Cet ouvrage se distingue comme une œuvre exceptionnelle en ce début du XXIème siècle.
Théophile Mwené Ndzalé Obenga, né à Mbaya, (République du Congo), le 2 février 1936, est égyptologue, linguiste et historien. Avec Cheikh Anta Diop, il défend une vision de l'histoire africaine recentrée sur les préoccupations des chercheurs et intellectuels africains, soucieux de revisiter leur patrimoine (Afrocentricité).

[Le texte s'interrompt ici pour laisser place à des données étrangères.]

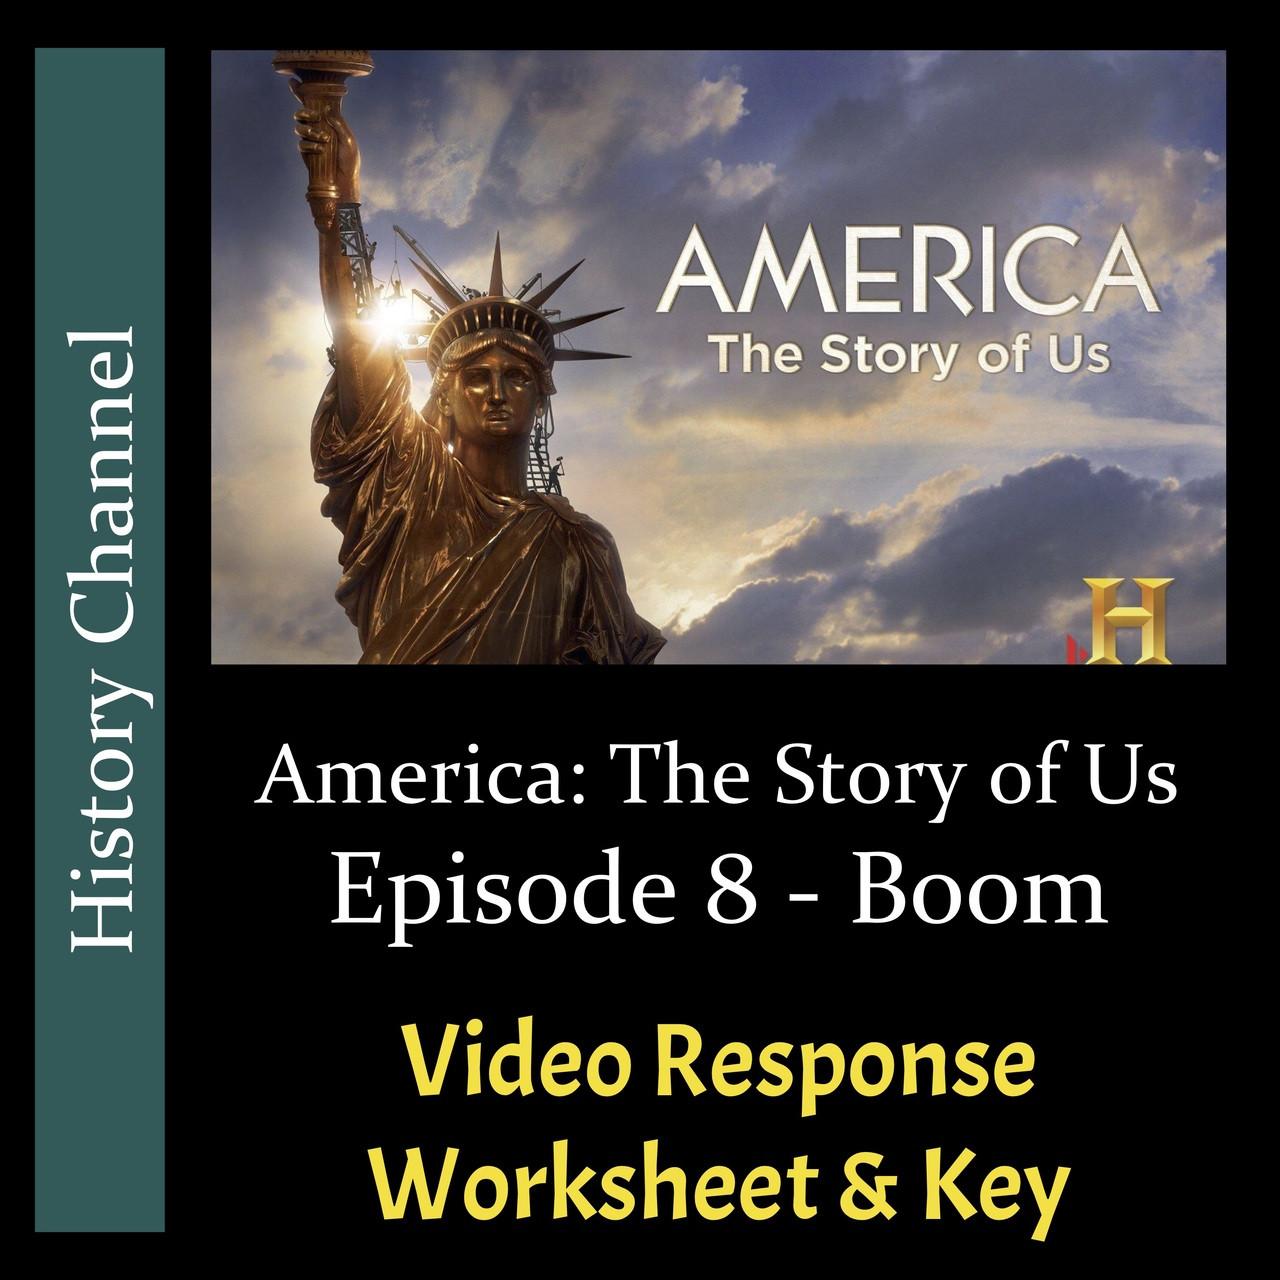 America The Story of Us - Episode 08: Boom - Video Response Worksheet & Key (Editable)

Docteur d’État ès lettres en Sciences Humaines (Sorbonne), il a étudié diverses disciplines : philosophie, linguistique historique comparative, archéologie préhistorique, sciences de l'éducation, égyptologie1. Théophile Obenga a étudié la philosophie à l'université de Bordeaux. Il a fait des études d'histoire au Collège de France, à Paris, et a appris l'égyptologie à Genève. Il a également suivi une formation en sciences de l'éducation à Pittsburgh. Parmi ses professeurs, il y eut Émile Benveniste en linguistique historique, Jean Leclant et Charles Maystre en égyptologie, Rodolphe Kasser en copte, Lionel Balout en paléontologie humaine2. Ancien directeur général du Centre international des civilisations bantu (CICIBA) à Libreville, il est aujourd'hui professeur à la faculté de civilisations africaines à l'université d'État de San Francisco3, qui est un campus de l’université de Californie.
Il dirige Ankh, « revue d’égyptologie et des civilisations africaines » éditée à Paris. Entre autres préoccupations scientifiques, cette revue explore les différentes voies de recherche initiées ou renouvelées par Cheikh Anta Diop, dans une perspective épistémologique replaçant l'Égypte ancienne dans ce qu'il considère comme son « cadre naturel africain » et comme l'une des « civilisations négro-africaines anciennes ».
En 2009, Théophile Obenga apporte publiquement son soutien au président Denis Sassou-Nguesso, candidat à sa réélection à la présidence de la république congolaise.